Timeline

As I have mentioned several times here,  I moved around a lot as a kid.

Recently, thanks to the magic of Facebook, I have reconnected with some people I attended middle school (grades six and seven, ages 10 and 11) with in Howell, Michigan about a million years ago.

In creeping through their photos, I have on several occasions come across  albums of high school era pictures scanned in and reposted: groups of friends together sitting on the hood of a brand new used car, cheap ill-gotten beers in hand, bad 90s small town fashion, bad 90s small town everything.

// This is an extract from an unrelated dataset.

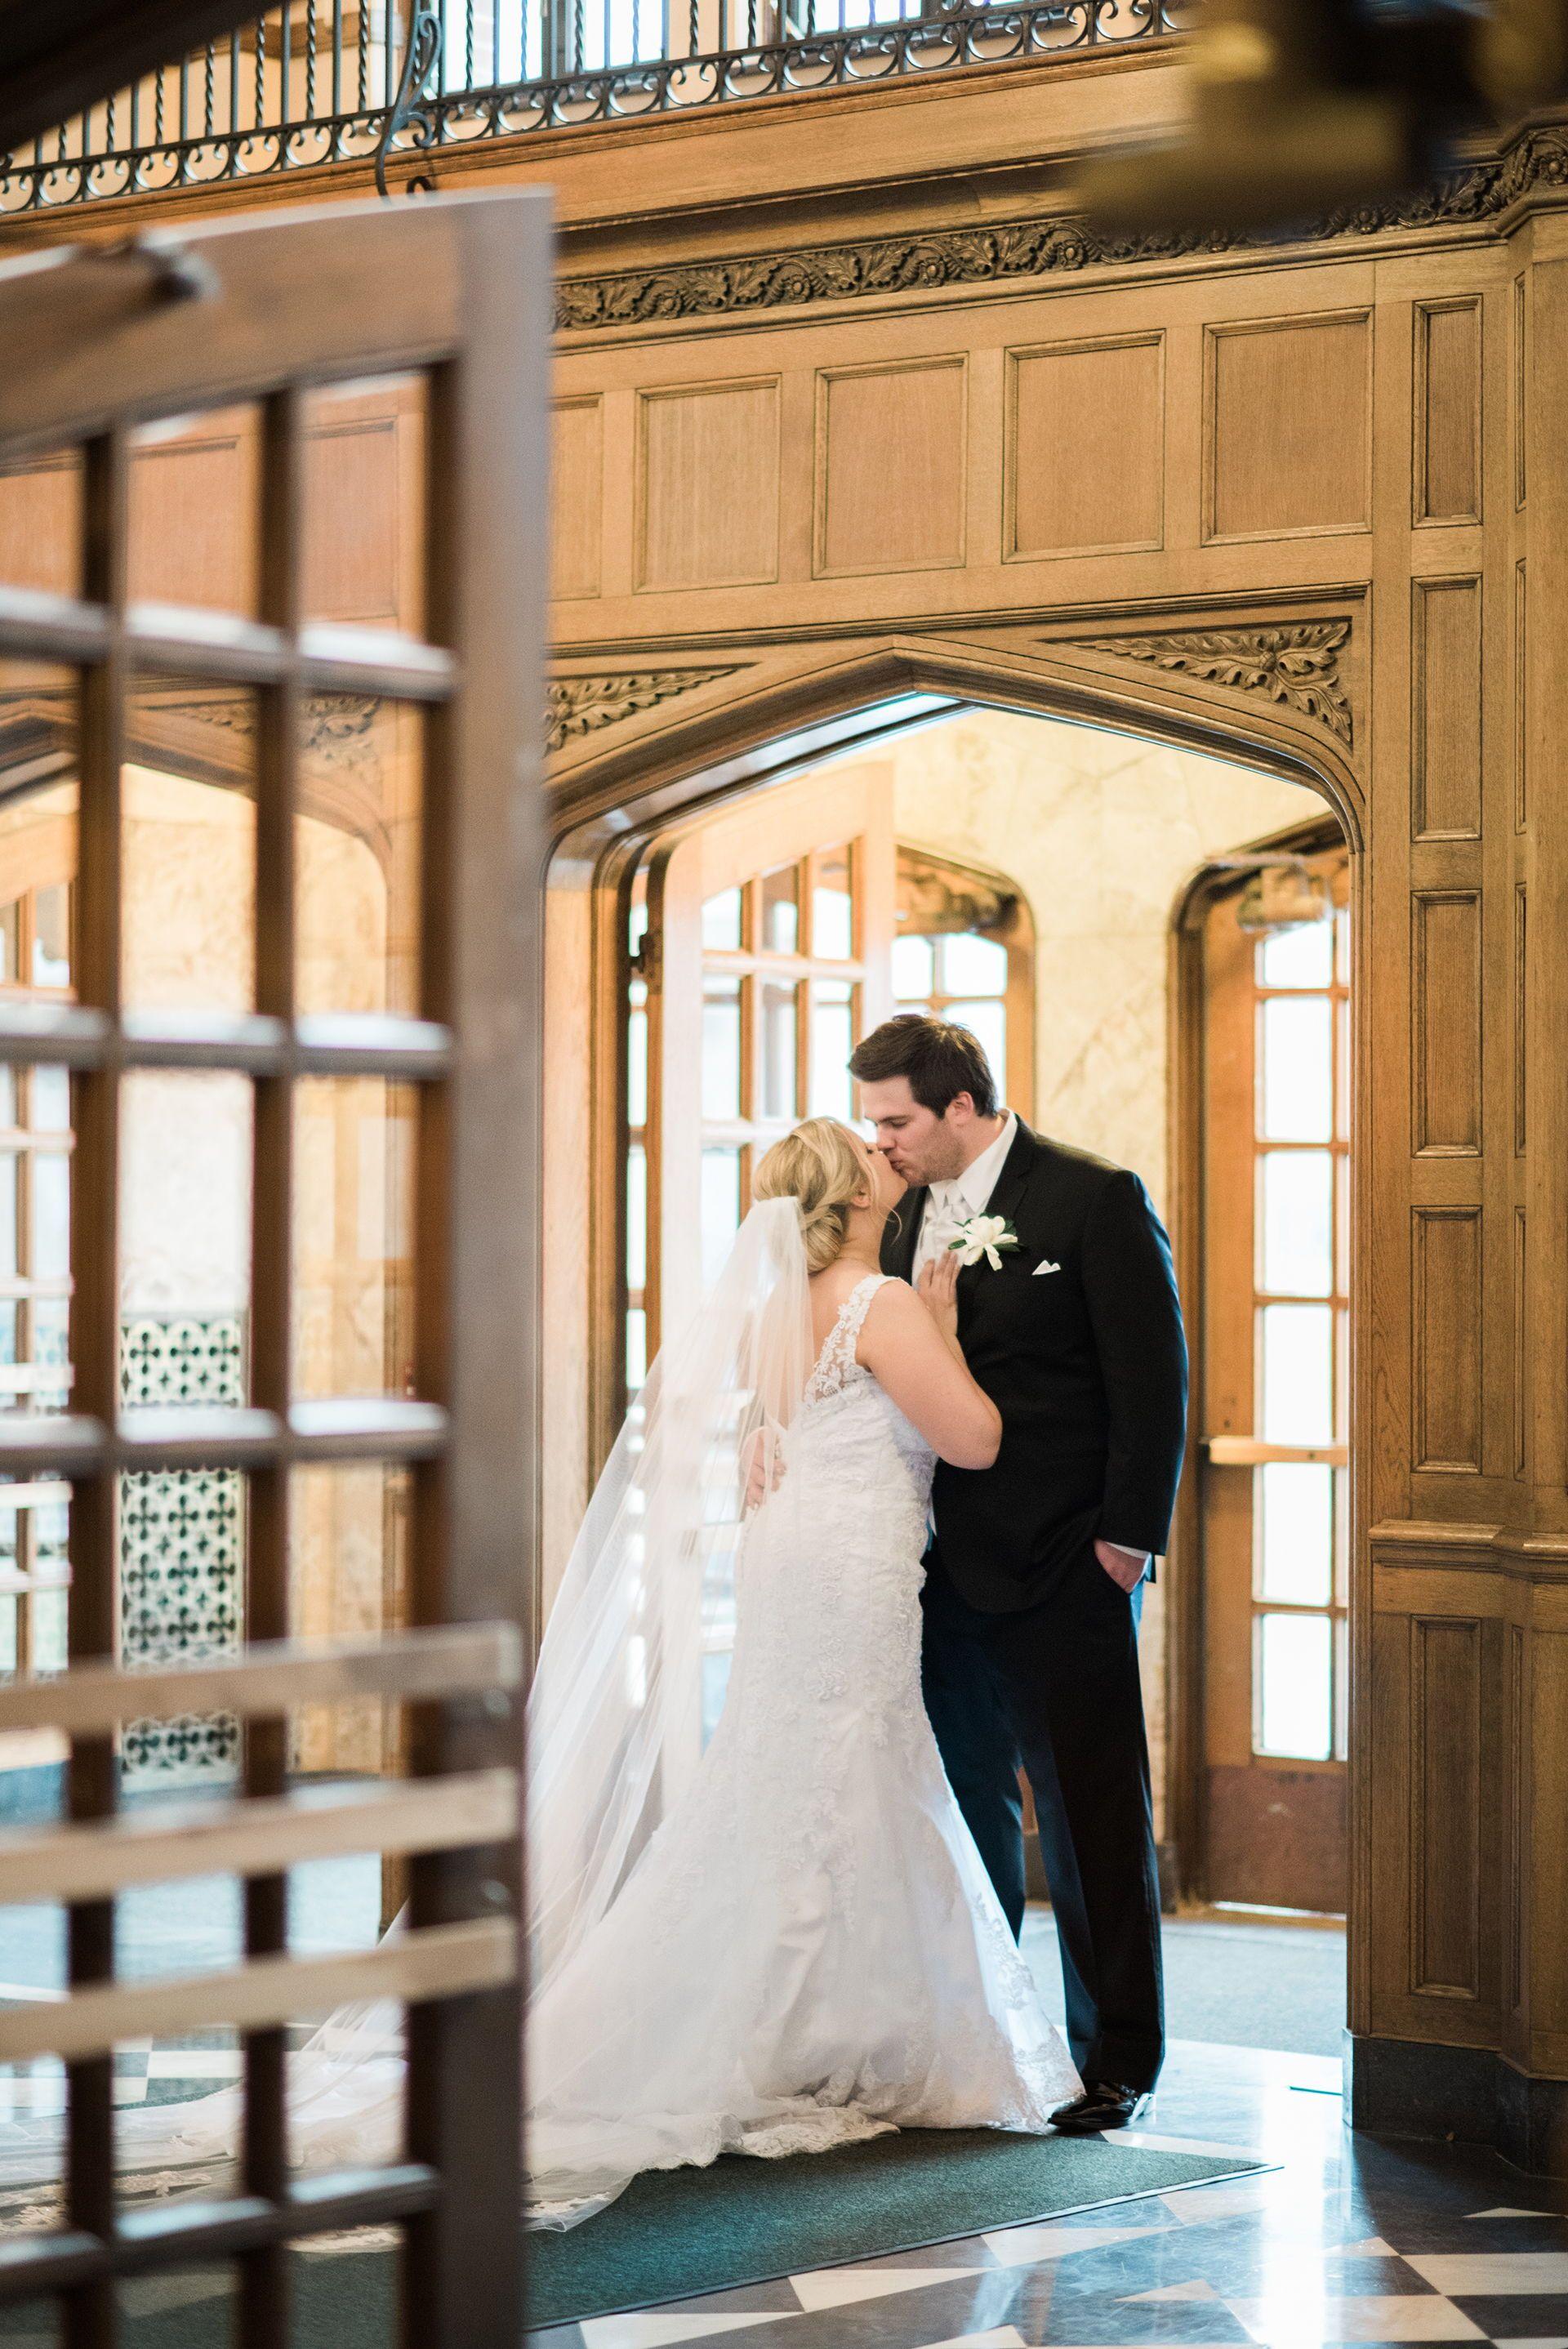 Royal Wedding Inspiration: Timeless Gold Ballroom Wedding

I look at those pictures, and I am filled with melancholy: that was my alternate timeline, to borrow a phrase from Doctor Who. I was supposed to be in those pictures, too, but I wasn’t, and I never will be, because my dad picked up and moved the family to Minnesota the year before high school. From small town to suburb. I should have had Dazed and Confused, instead I got Pump Up the Volume.

This is my roundabout way of saying that often, when reading about the cricket that happened between my birth and the year I discovered the game, I feel a similar sense of loss and disconnectedness. When Sachin retired from ODIs, I felt a tinge of jealousy of those that have strong memories of Sachin in his youth, of the format in its youth, of the whole of India in its youth (relatively), memories that connected them to certain times and places and events in their own lives. I read those posts and think to myself: that should have been me. I should have been enjoying the 2005 Ashes, but instead I was smoking cigarettes and buying a house; I should have been watching the Kolkata Test in 2001, but I wasn’t; I should have been watching Sachin’s Test debut, but instead I was moving from Michigan to Minnesota.

Cricket’s history is my alternate timeline. And reading about one’s alternate timelines, and we all have them, always fills us with melancholy.

Which is why I am so very thankful when performances like what we saw last night happen, because it allows me to be a part of cricket history, to look back 10 years from now and not mourn an alternate timeline, but instead look back and say I was there, I saw Cheteshwar Pujara’s 206 at Hyderabad against Australia in the late winter of 2013. I saw the rebirth of Indian Test cricket. I saw the second coming of Rahul Dravid.

I was there. I saw it.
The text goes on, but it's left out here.